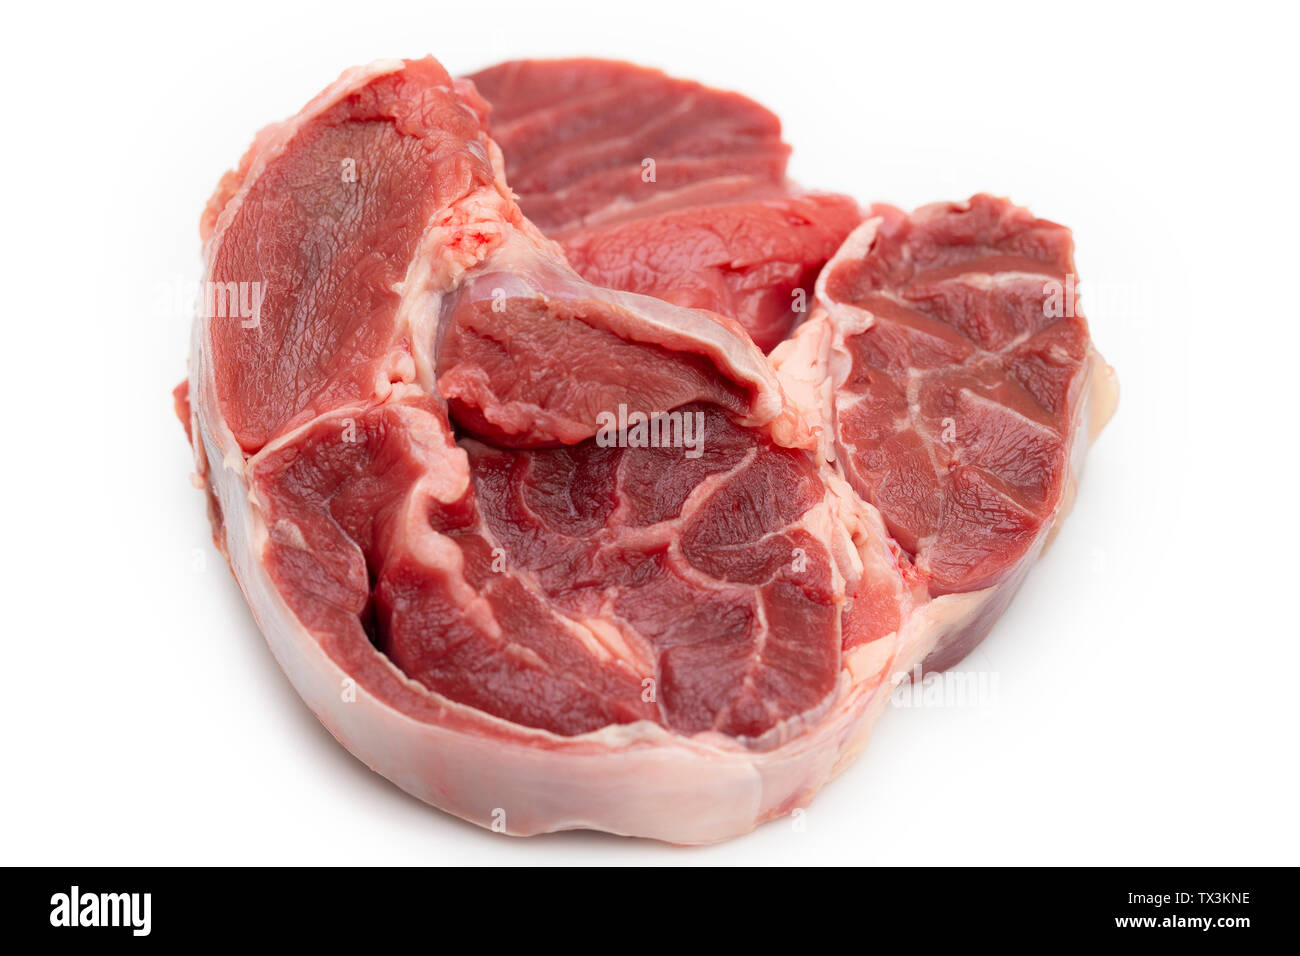 Raw boneless beef shank for slow-cooking or pressure cooking Stock Photo
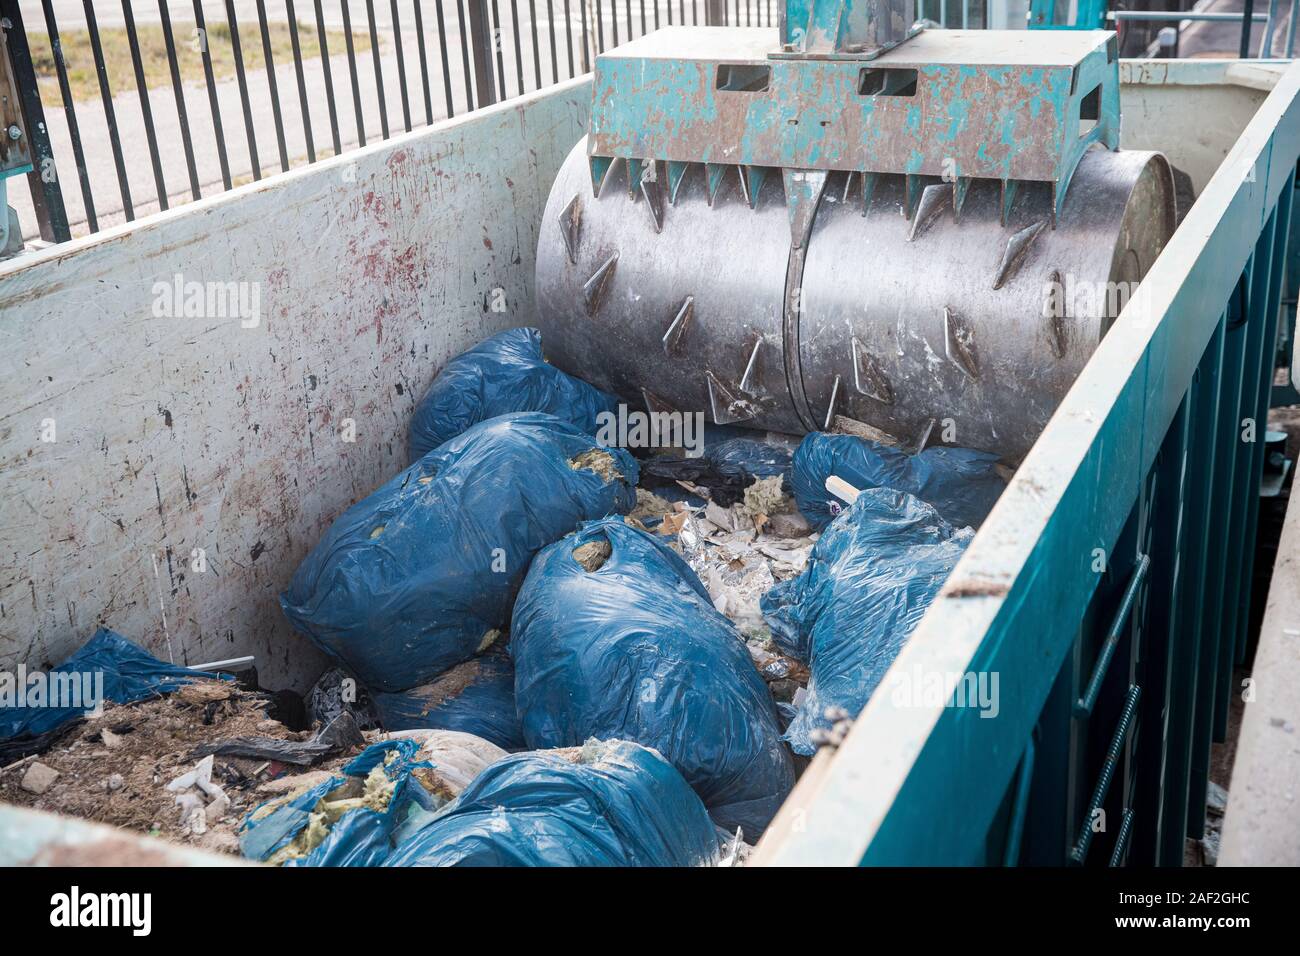 Special equipment is pressing construction waste in a container for recycling in Sorting station Stock Photo
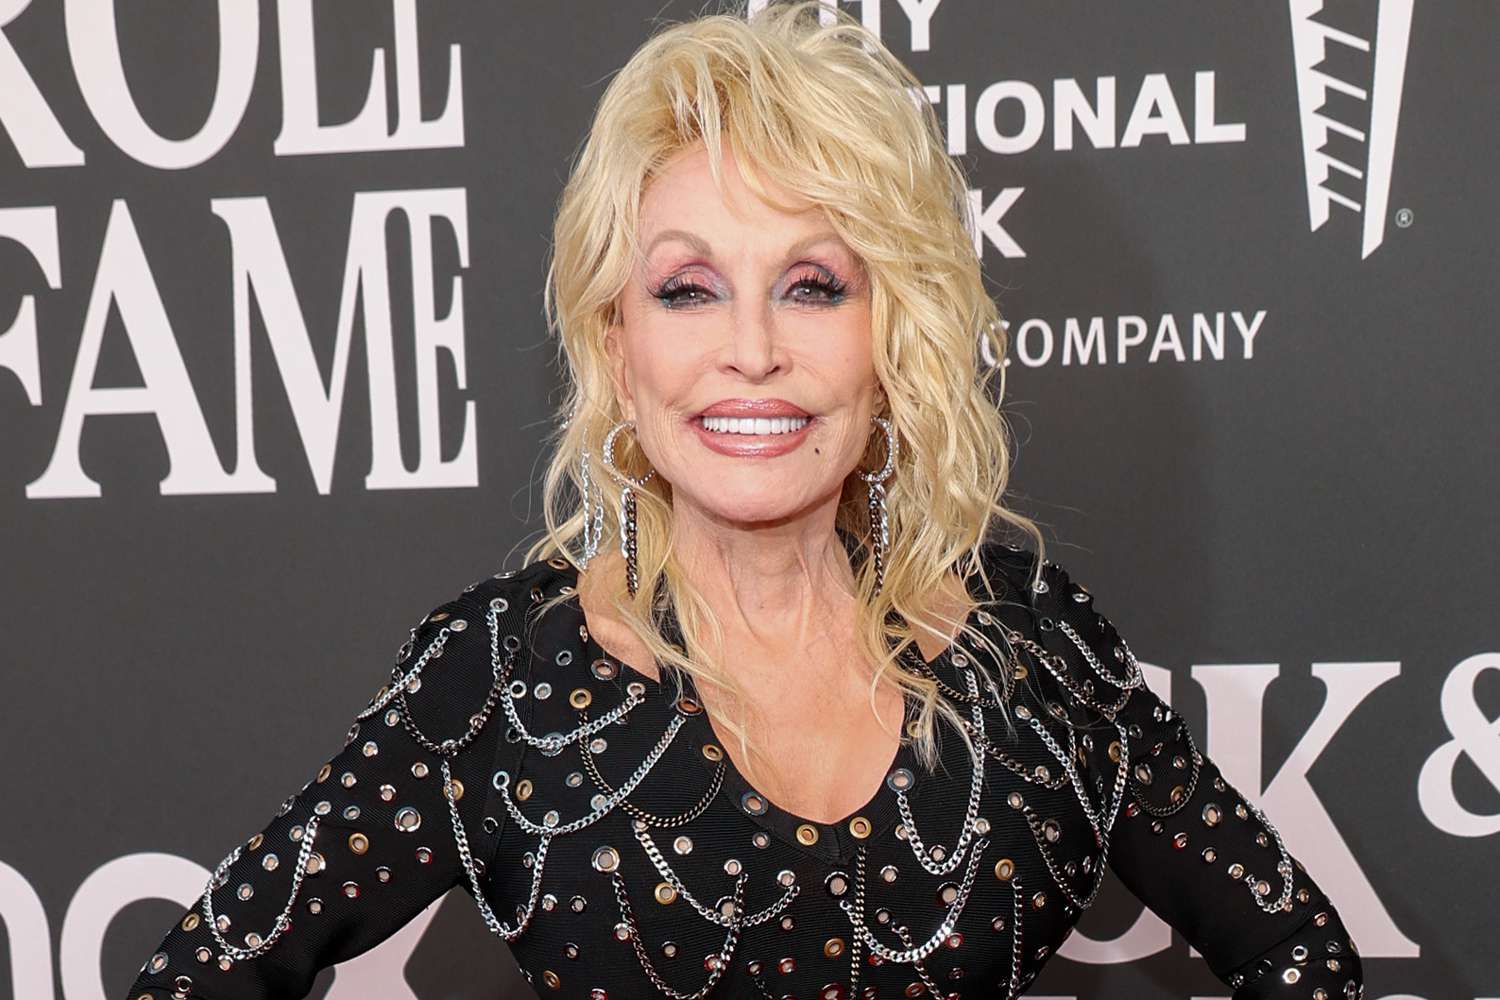 Dolly Parton Performs At Dallas Cowboys NFL Halftime Show, Leaves Crowd In Awe

**Task objective:**
Transcribe each line above verbatim, with the pictures left out.

**Expected output:**
 Raw boneless beef shank for slow-cooking or pressure cooking Stock Photo
 Special equipment is pressing construction waste in a container for recycling in Sorting station Stock Photo
 Dolly Parton Performs At Dallas Cowboys NFL Halftime Show, Leaves Crowd In Awe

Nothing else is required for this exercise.